The U.S. government is vexed by the delay in reopening a lucrative market and said it will not renegotiate the deal.
“We are in close contact with the Korean government in an effort to find a mutually acceptable path forward,” said Gretchen Hamel, spokeswoman for U.S. Trade Representative Susan Schwab.
Lee won December’s presidential election over an unpopular liberal opponent by a landslide, largely on his pledge to bring high growth back to South Korea’s export-dependent economy.
“His path to the presidency was too easy. He felt he could do no wrong and this created arrogance and confidence that made it difficult for him to see the political landscape,” said Kang Won-taek, political science professor at Soongsil University.
Truck drivers, following the lead of unions in countries across Asia and Europe, voted on Monday to go on strike over rising fuel prices. They ignored the government’s $10.2 billion financial aid package announced a day before and designed in part to cushion the impact of mounting energy costs.
Other unions also voted on whether to strike and slow down production at auto plants and other factories.
The growing political storm has all but blocked the government’s plans for major economic reform, including tax cuts, privatization of major state-run firms and banks and efforts to make the country more accessible to foreign investment.
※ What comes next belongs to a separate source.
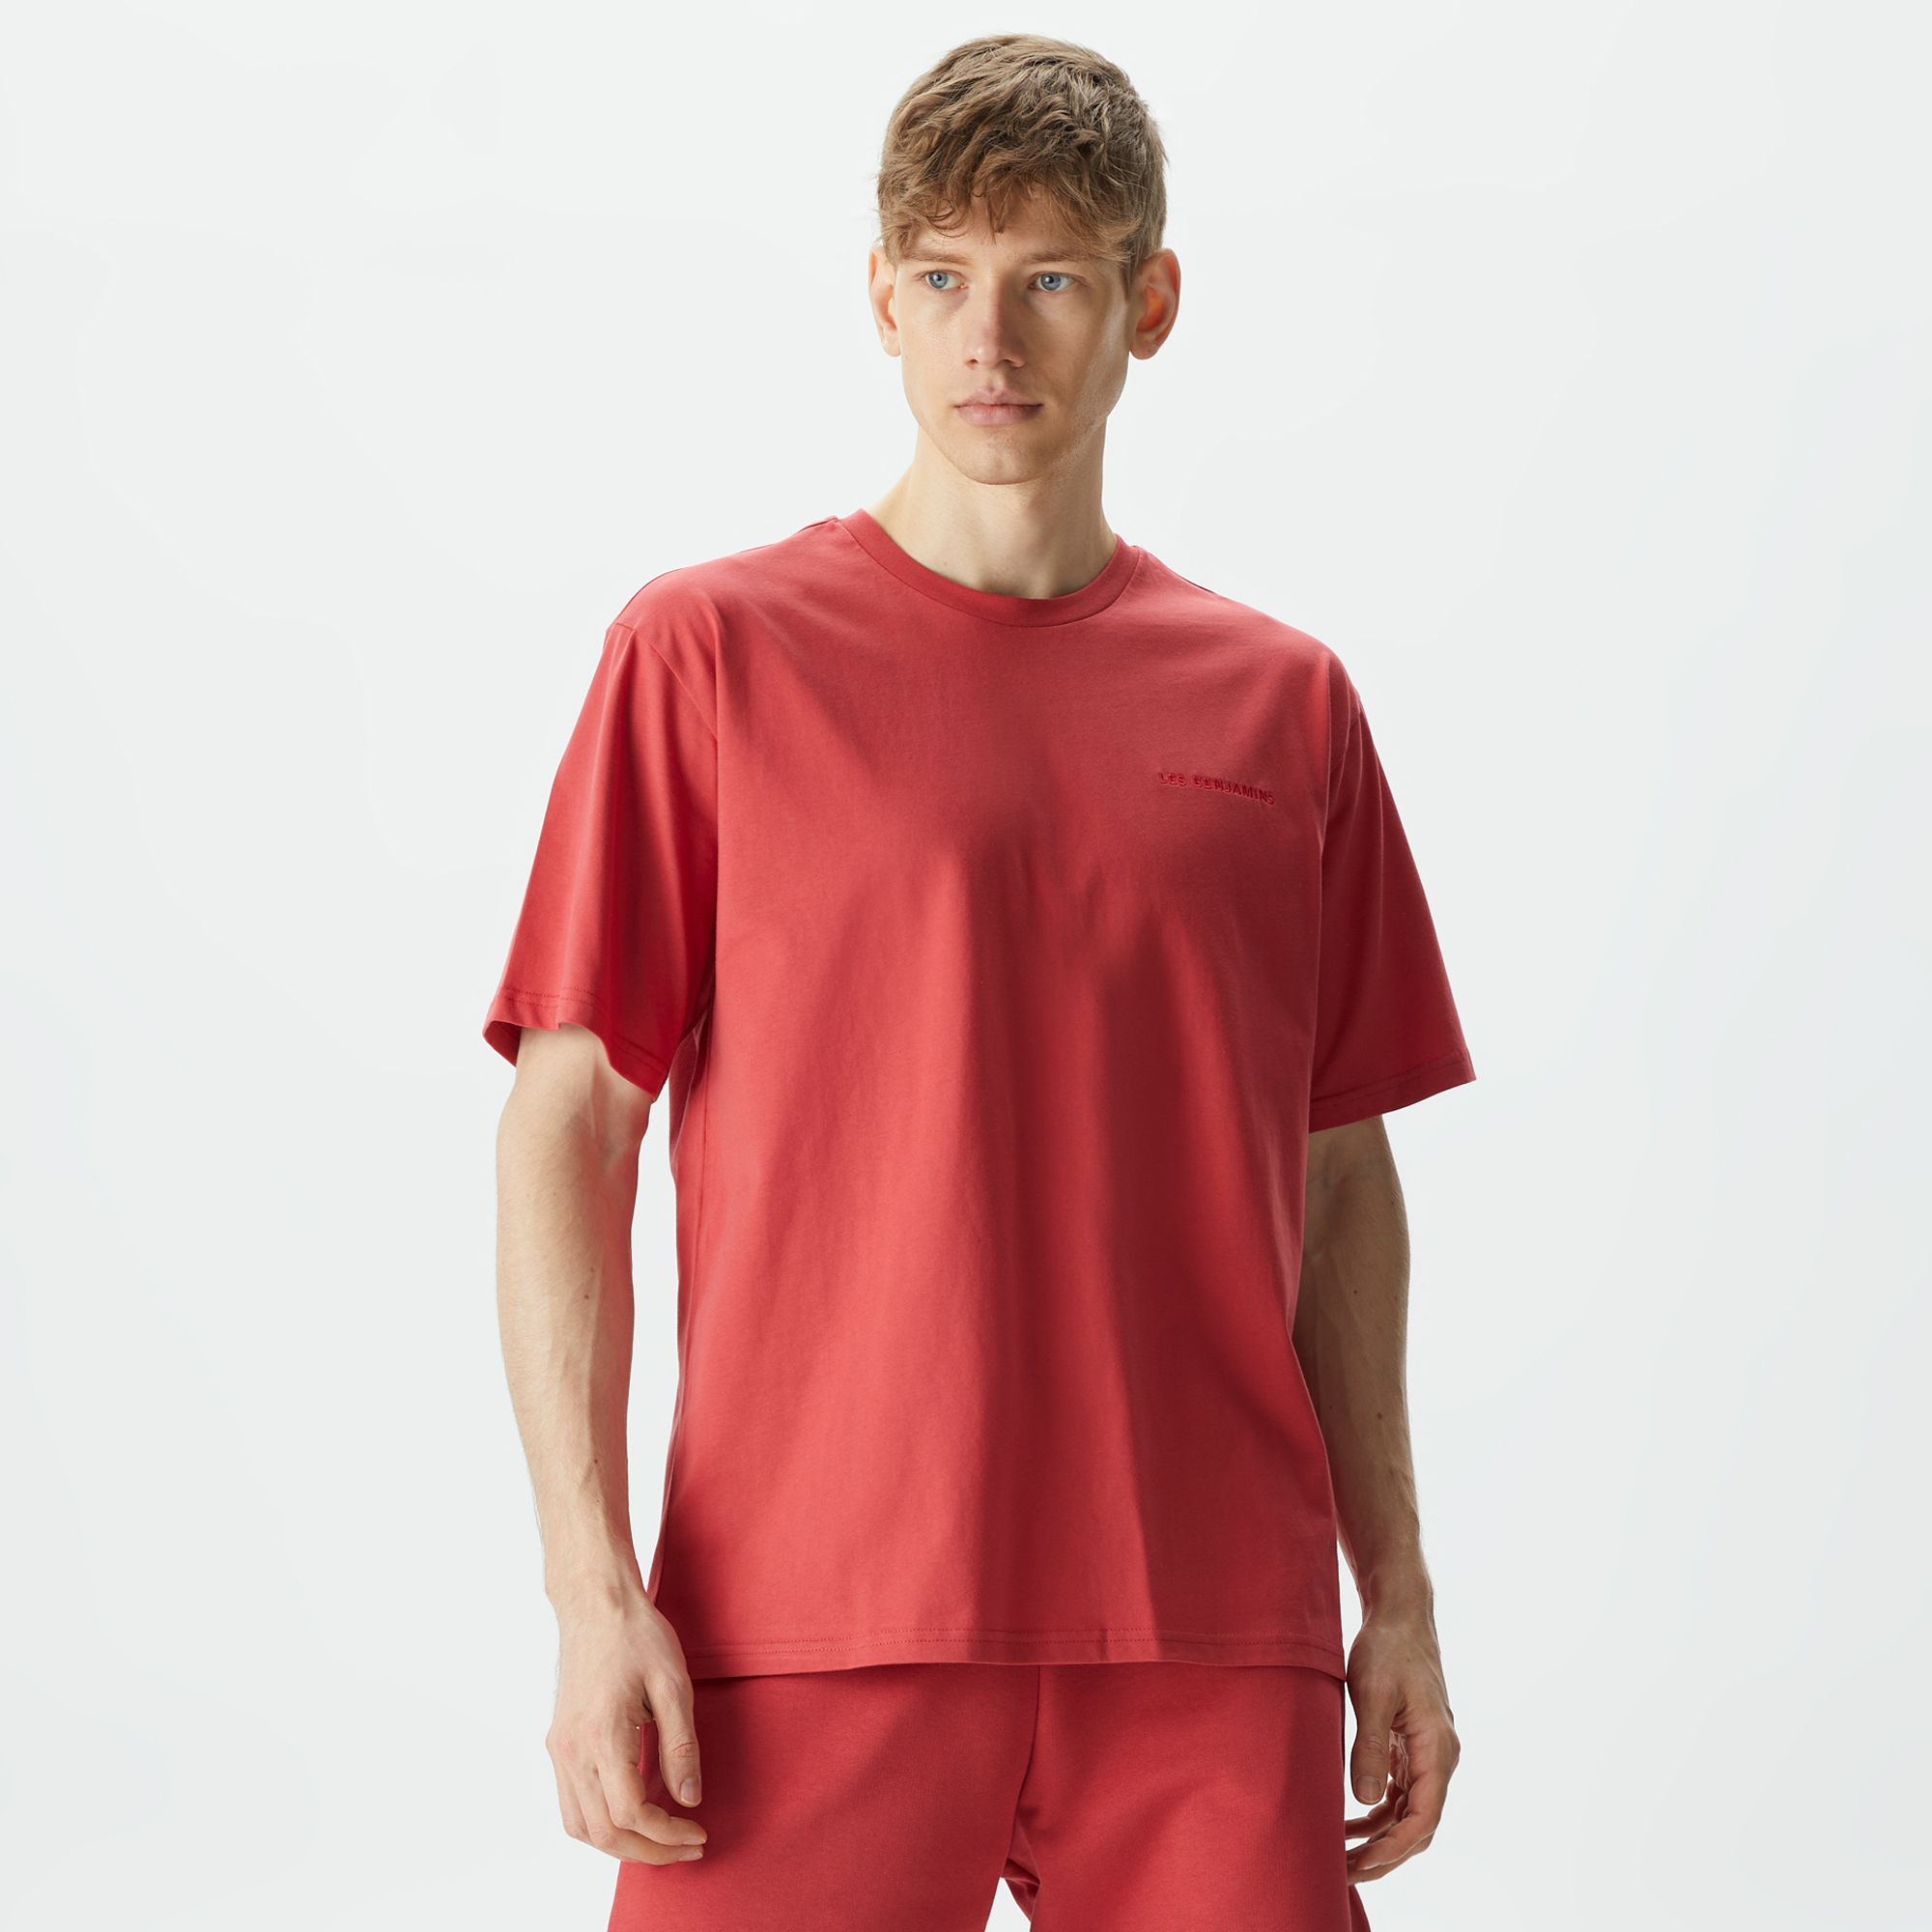 Les Benjamins Essential 304 Erkek Kırmızı T-Shirt

The new conservative-dominated parliament has been unable to sit because the opposition has boycotted its opening.
“The current crisis signifies a deeper public malaise in Korea, risking to dampen economic growth over the coming year,” said Hong Kong-based HSBC Asia economist Frederic Neumann.
“The second big worry is that consumer and business sentiment takes another hit, thus depressing domestic demand at a time when exports could show signs of buckling.”